Theoretical Description

One method for multi-class calibration has been implemented in MAPIE so far : Top-Label Calibration [1].

The goal of binary calibration is to transform a score (typically given by an ML model) that is not a probability into a probability. The algorithms that are used for calibration can be interpreted as estimators of the confidence level. Hence, they need independent and dependent variables to be fitted.

The figure below illustrates what we would expect as a result of a calibration, with the scores predicted being closer to the true probability compared to the original output.


Firstly, we introduce binary calibration, we denote the (h(X), y) pair as the score and ground truth for the object. Hence, y values are in {0, 1}. The model is calibrated if for every output q \in [0, 1], we have:

Pr(Y = 1 \mid h(X) = q) = q

where h() is the score predictor.

To apply calibration directly to a multi-class context, Gupta et al. propose a framework, multiclass-to-binary, in order to reduce a multi-class calibration to multiple binary calibrations (M2B).

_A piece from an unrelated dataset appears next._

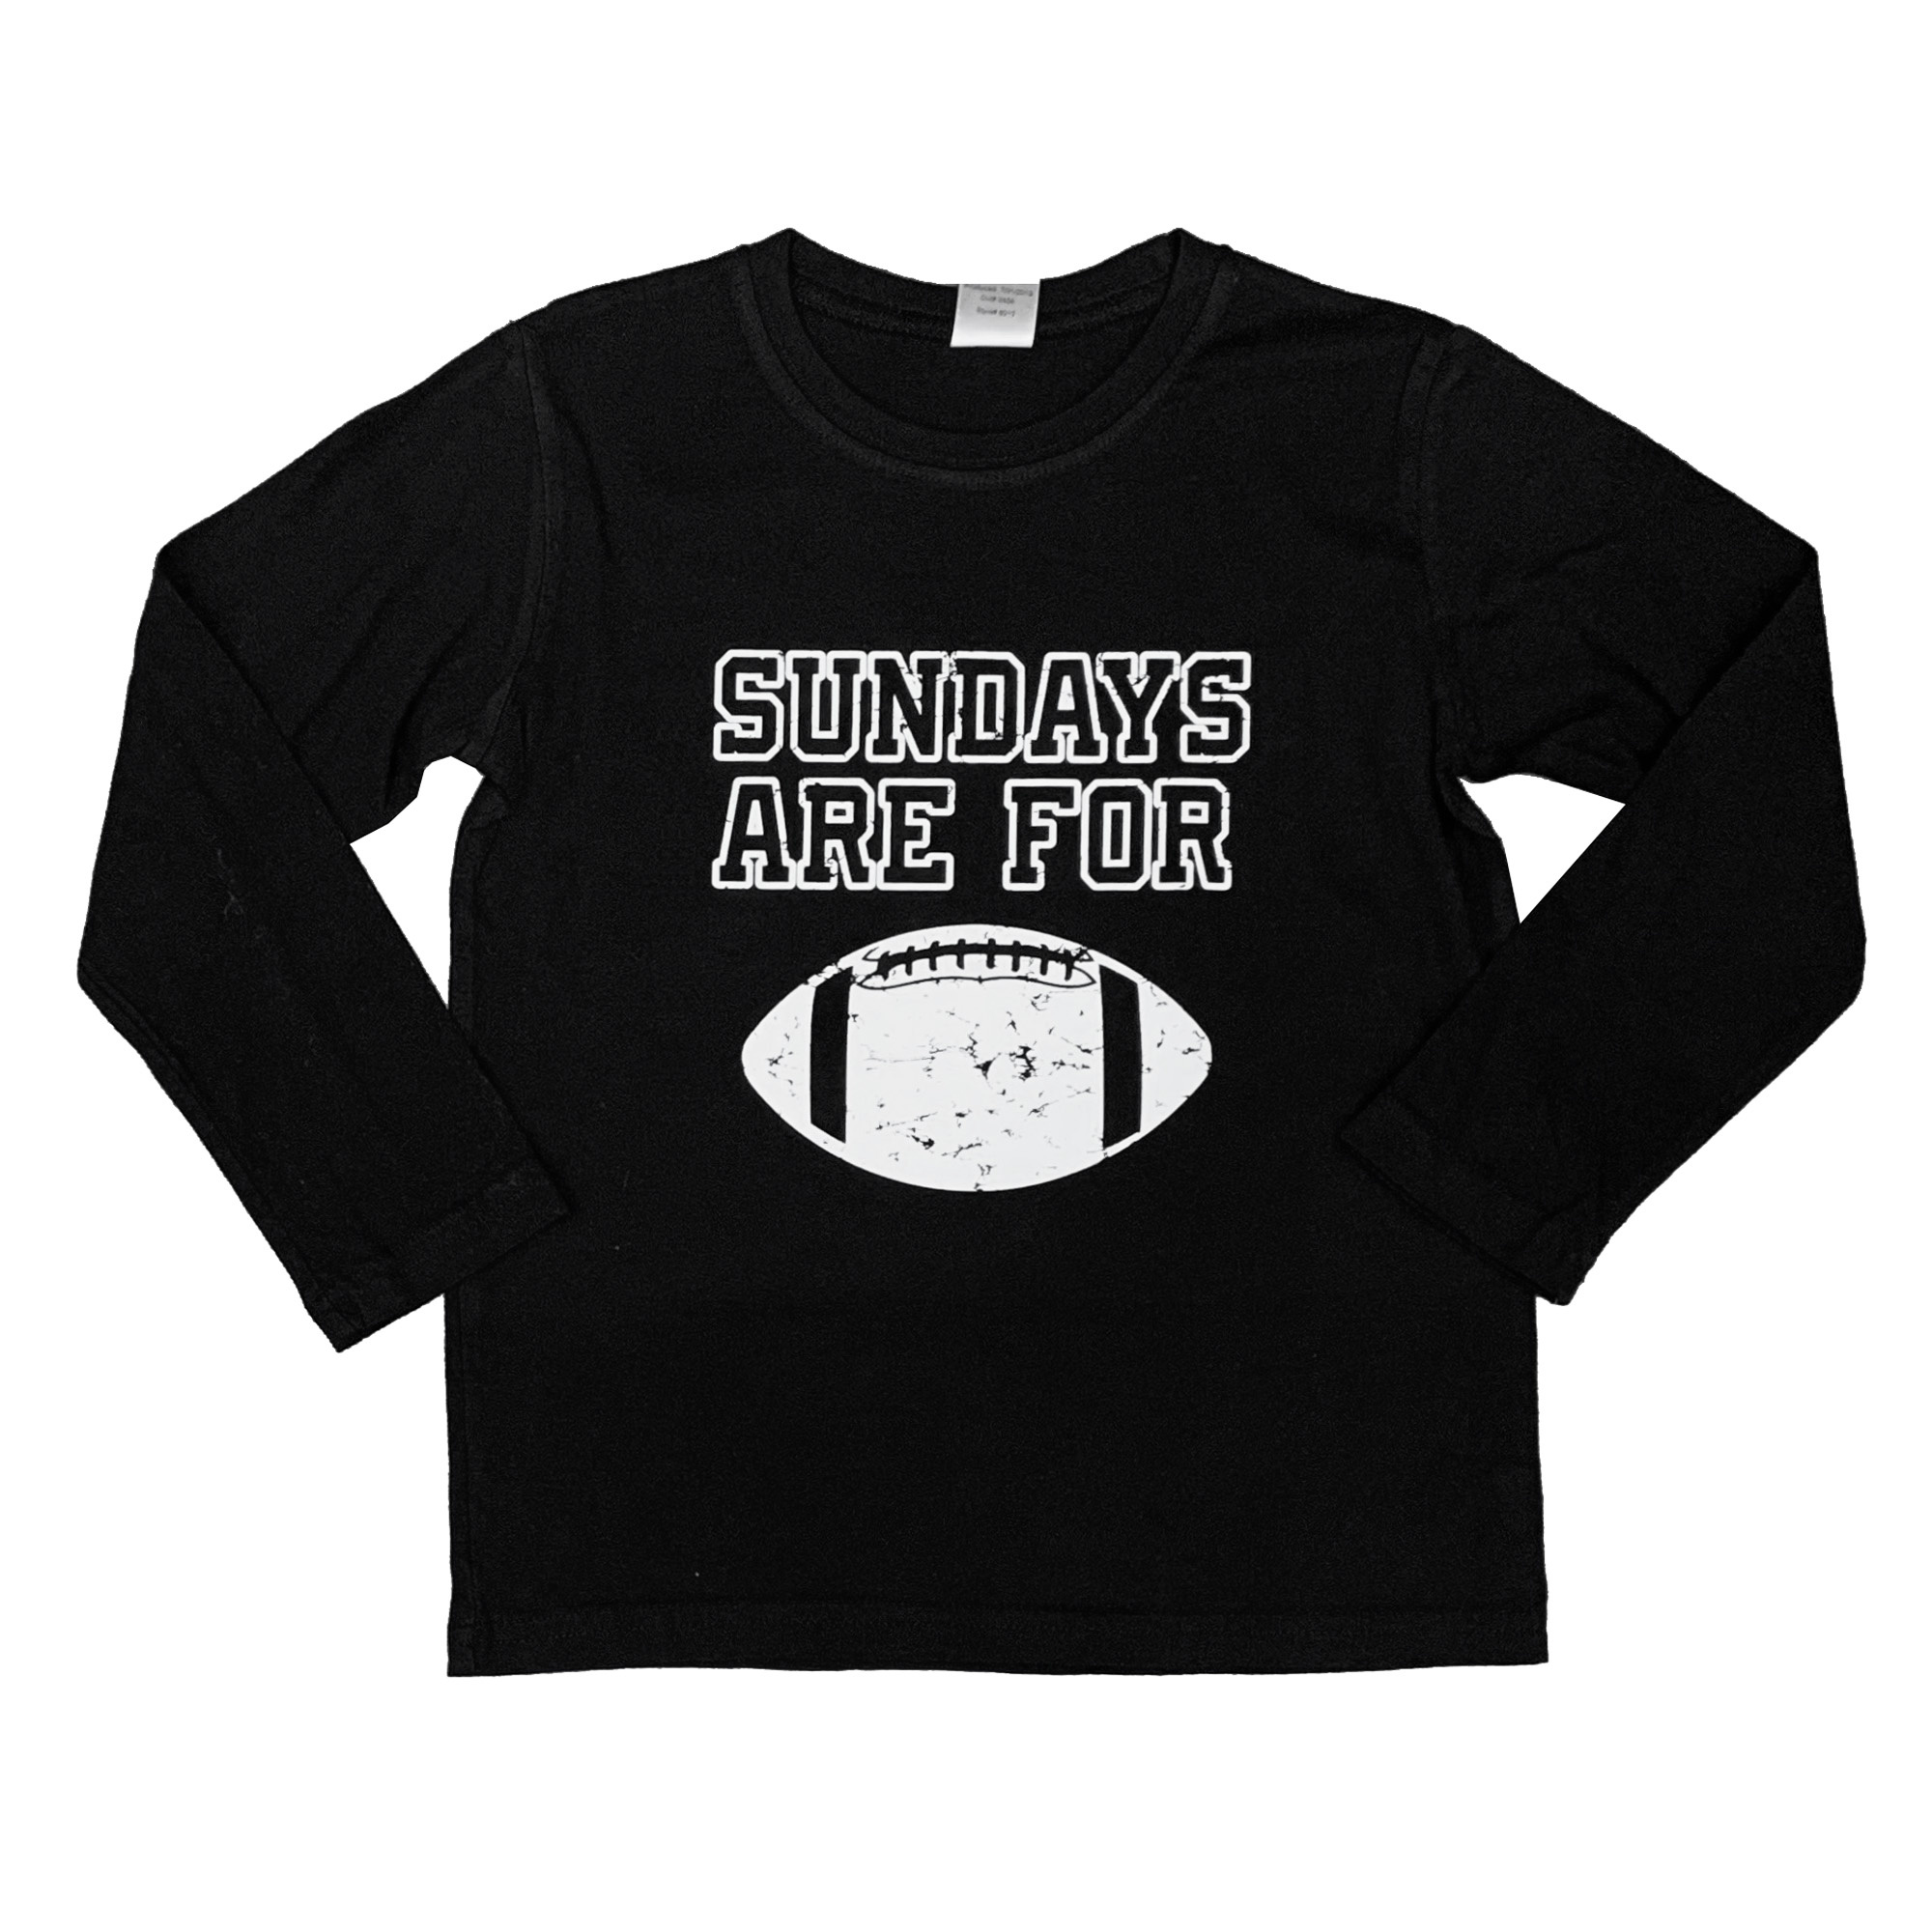 Sundays are for Football Long Sleeve Top

Top-Label calibration is a calibration technique introduced by Gupta et al. to calibrate the model according to the highest score and the corresponding class (see [1] Section 2). This framework offers to apply binary calibration techniques to multi-class calibration.

More intuitively, top-label calibration simply performs a binary calibration (such as Platt scaling or isotonic regression) on the highest score and the corresponding class, whereas confidence calibration only calibrates on the highest score (see [1] Section 2).

Let c be the classifier and h be the maximum score from the classifier. The couple (c, h) is calibrated according to Top-Label calibration if:

Pr(Y = c(X) \mid h(X), c(X)) = h(X)


[1] Gupta, Chirag, and Aaditya K. Ramdas. “Top-label calibration and multiclass-to-binary reductions.” arXiv preprint arXiv:2107.08353 (2021).

[2] Arrieta-Ibarra I, Gujral P, Tannen J, Tygert M, Xu C. Metrics of calibration for probabilistic predictions. The Journal of Machine Learning Research. 2022 Jan 1;23(1):15886-940.

[3] Tygert M. Calibration of P-values for calibration and for deviation of a subpopulation from the full population. arXiv preprint arXiv:2202.00100. 2022 Jan 31.

[4] D. A. Darling. A. J. F. Siegert. The First Passage Problem for a Continuous Markov Process. Ann. Math. Statist. 24 (4) 624 - 639, December, 1953.

[5] William Feller. The Asymptotic Distribution of the Range of Sums of Independent Random Variables. Ann. Math. Statist. 22 (3) 427 - 432 September, 1951.

[6] Spiegelhalter DJ. Probabilistic prediction in patient management and clinical trials. Statistics in medicine. 1986 Sep;5(5):421-33.